Poche ore dopo la conclusione del Gran Premio di Stiria, la Renault presenta una protesta ufficiale nei confronti delle due RP20, accusando Racing Point di averle dotate di prese dei freni irregolari. La struttura della protesta ricorda la figura retorica della sineddoche, quando grazie ad una parte si parla del tutto. Non potendo infatti indicare l’intera vettura come irregolare – sarebbe stato troppo difficile da dimostrare, ed un alettone si può veramente copiare da fotografie, al di là della successiva riuscita del progetto -, gli ingegneri Renault si sono concentrati su dei componenti che, a causa di un cambiamento nei regolamenti, vivevano in una vera e propria zona grigia.
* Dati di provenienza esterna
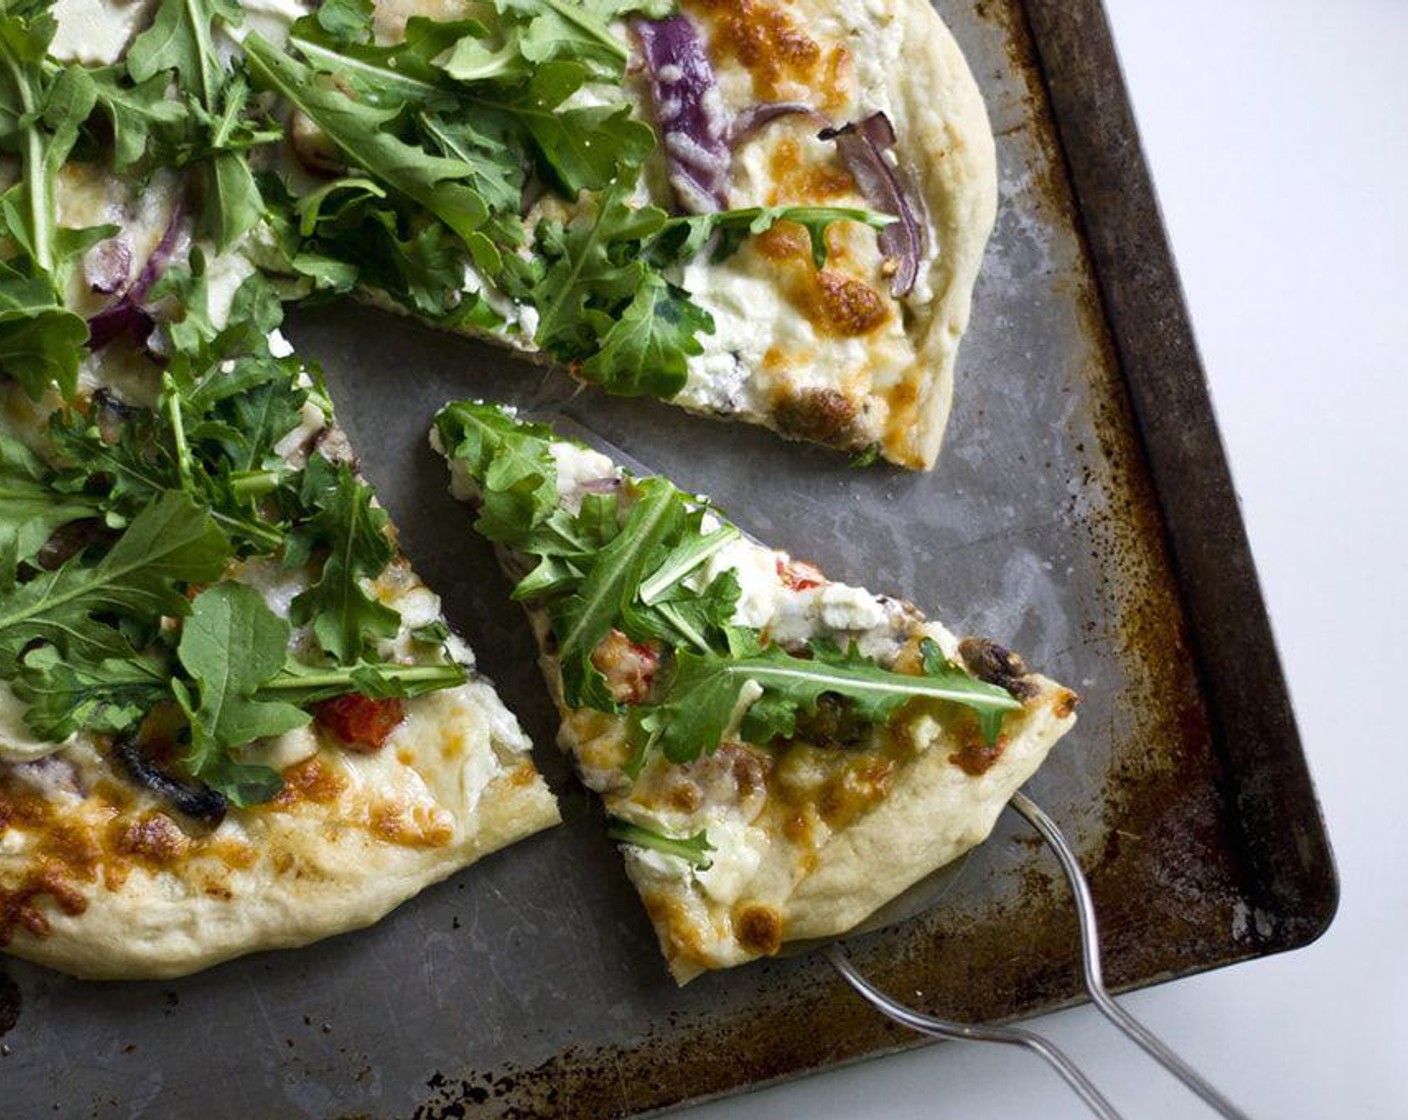 Goat Cheese Pizza with Arugula and White Sauce

Le prese dei freni, infatti, da qualche anno assolvono solo parzialmente al raffreddamento degli stessi, poiché le loro canalizzazioni vengono sfruttate per dirigere sapientemente flussi d’aria attorno alla vettura. Proprio a causa di quest’ultima funzione, dal 2020 sia le prese anteriori che quelle posteriori sono entrate nel novero delle componenti aerodinamiche della monoposto, il che ne ha ribaltato la classificazione: da non-listed parts, ossia le parti acquistabili da una scuderia avversaria o un fornitore esterno, sono diventate listed parts, ossia i pezzi da progettare e produrre autonomamente in quanto costruttori di una vettura di Formula 1. Quindi, se nel 2019 era perfettamente legale correre con prese dei freni Mercedes per Racing Point, dal 2020 non lo è più, dato che le stesse devono necessariamente essere state progettate e costruite nella sede del team a Silverstone.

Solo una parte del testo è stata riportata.